Questo perché, come sempre, non c’era nulla che potesse negare all’angelo. 

 

 

 

 

Chiesa di Santa Caterina d’Alessandria, Padova, Italia, 1770 
(Cos'hanno in comune tempo e morale? La risposta è la relatività: sono relativi alla nostra esperienza. 
Il tempo gioioso muore sempre troppo in fretta, quello triste e doloroso troppo lentamente.  
Una bugia è deprecabile per alcuni, per altri è sinonimo di salvezza). 

 

 Era una bella giornata. 
Questo non significa che non sarebbe successo qualcosa di terribile da lì a poco. 
Crowley aveva iniziato a odiare quello schema che aveva iniziato a crearsi: tutto succedeva nelle giornate più belle, in quelle tranquille giornate assolate, quelle sere dove puoi vedere le stelle e dove non c’è una nuvola in cielo. 
Come quando gli angeli cadono o quando qualcuno viene scacciato da un giardino, quando un bambino viene consegnato dentro una cesta, quando arriva l’Apocali 


(Una voce dice: No. 
Dice: Più in fondo. 
Dice: Vai più in fondo)


Era una bella giornata. 
Ma triste. 
Ed era al confine di un giardino. 
Perché?” chiese con veemenza. 
Perché ti è stato ordinato.” Rispose brusco l’altro. 
“No, spiegami.” Disse lei in modo astioso. “Tu vuoi che entri in una fottuta chiesa?” 
“A meno che tu non riesca a tentare una persona a distanza si, voglio che tu entri in una fottuta chiesa.” 
“Ma dai, i demoni non possono entrare nelle chiese.” Si allontanò leggermente dall’uomo cercando di fargli cambiare idea e fallendo miseramente. “A che pro, poi?

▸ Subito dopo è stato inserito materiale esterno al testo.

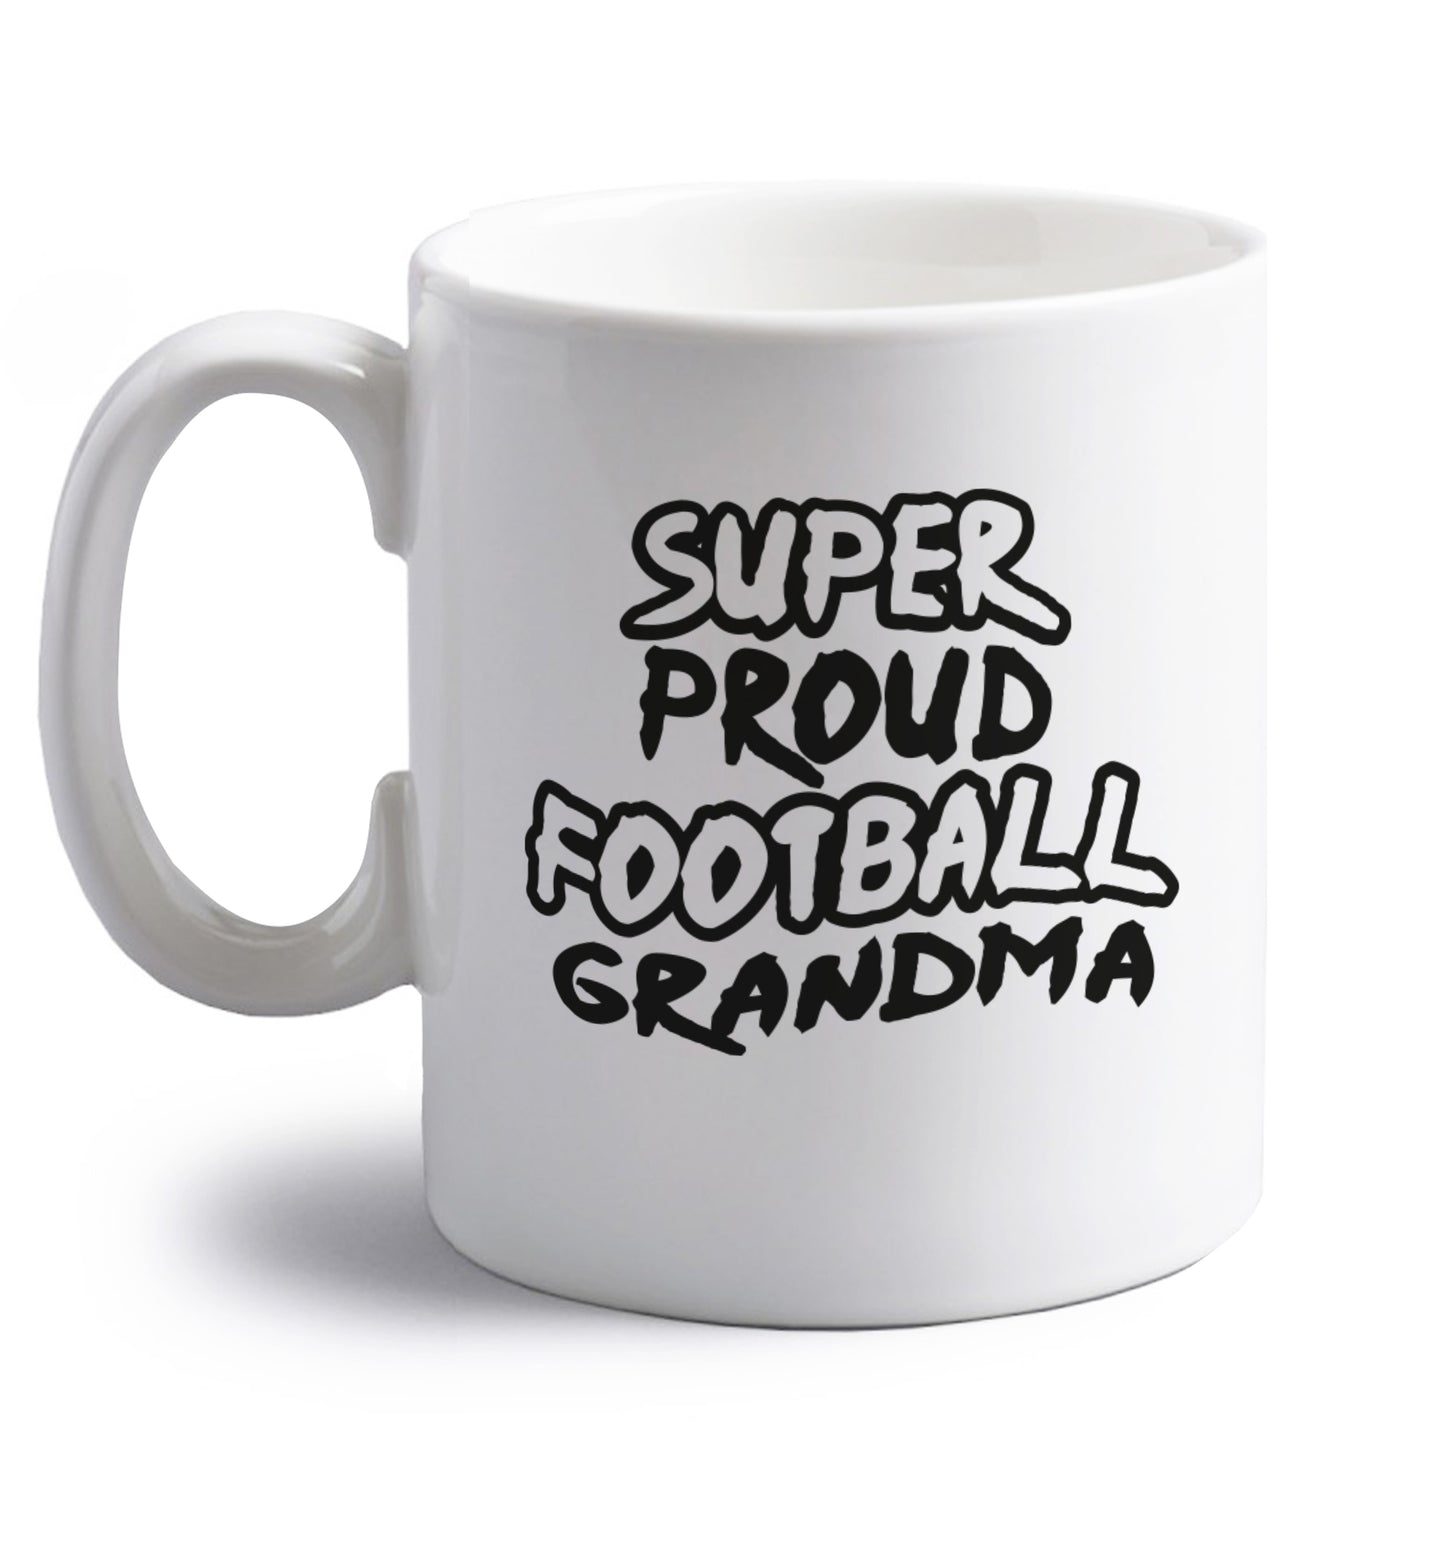 Super proud football grandma right handed white ceramic mug

Il compositore è morto, che c’entra la moglie?” 
“È lei che gli ha detto che suona meglio del Diavolo.” 
“State facendo tanto rumore per nulla,” si lamentò “è un modo di dire abbastanza comune qui.” 

“Conosci le loro usanze meglio di noi.” Disse lui, c’era una nota di scherno in quelle parole ma che Crowley ignorò. Era un demone dopotutto, non poteva certo aspettarsi che fosse gentile. 
Hastur la guardò dall’alto in basso: “Sei vestito come un coglione.” 
No, hey, questo no. Era vestito in modo splendido. 

“Sono vestito come una donna che sta per andare a un funerale.” Rispose alzando gli occhi al cielo e ringraziando qualcuno per gli occhiali scuri “Da queste parti le donne si mettono da una parte, gli uomini arrivano dopo e non possono parlare alla vedova.” 
Era questo che non capiva Hastur. Il povero idiota non poteva sapere quanto fosse più facile assicurarsi anime all’inferno se gli umani avessero iniziato a tentarsi a vicenda e per farlo aveva bisogno di mischiarsi tra di loro, farseli amici, studiarli. Che colpa aveva se alla fine era rimasto affascinato da tutte quelle tradizioni, usanze, la musica e le invenzioni? 

Hastur aveva una mentalità da quattordicesimo secolo, dopotutto, sarebbe stato inutile spiegargli che non avrebbe potuto presentarsi in una chiesa piena di aristocratici vestito come lui, con una tunica passata di moda da almeno quattro secoli e ricoperto di sporcizia dalla testa ai piedi. Crowley non sopportava i tipi come lui. Si era detto tante volte: meglio tenersi gli amici vicini e i nemici ancora più vicino.  

(Una delle migliori scuse per andare a cena fuori con Aziraphale, pensò con un ghigno). 

Hastur la tirò per il braccio, “Noi Siamo quelli che tramano nell’ombra, che si aggirano nel buio per depredare senza cuore.” Disse con un sorriso malevolo “Siamo gli angeli caduti.” 
“Quanto sei drammatico.” Commentò la donna dai capelli rossi. “Non c’è nessun bisogno di ripetere a pappardella le parole di Lui.” 

Hastur lo guardò con astio e aggiunse: “Non mi fido di te, Crawly.” 
Crowley fece sibilare la lingua tra i denti, infastidito: “, lo so. Cos’è che devo fare?” 
Hastur dice: “La moglie sembrava proprio disperata quanto quel tipo è morto… quelli di sotto vogliono vedere del sangue. Fai in modo che si uccida.” 

Crowley deglutì, il cuore iniziò a battergli nel petto ma lei era un demone e da tempo aveva imparato che era meglio non mostrare alcuna simpatia per gli umani, le conseguenze sarebbero state disastrose. 

“Suicidio? Ma c’è così tanta gente che si ammazza di questi tempi. Non sarebbe più divertente se avesse una relazione clandestina con, non so, il prete? Quello sì che sarebbe uno spettacolo.” 
Beelzebub ha ordinato così, ha detto che sarebbe divertente vedere la ragazzetta dare di matto nella casa di LEI e compiere uno dei peccati peggiori che si possano compiersi.” 
“Ah, vedo che Beelzebub ha avuto un’altra pessima giornata.” Brontolò lei, scura in volto. “Però sai… questo non è proprio… il mio stile.” Balbettò. 
“Io del tuo stile me ne frego.” Hastur stava iniziando a perdere la pazienza. “Ti avverto, se non lo farai ci saranno delle conseguenze.” 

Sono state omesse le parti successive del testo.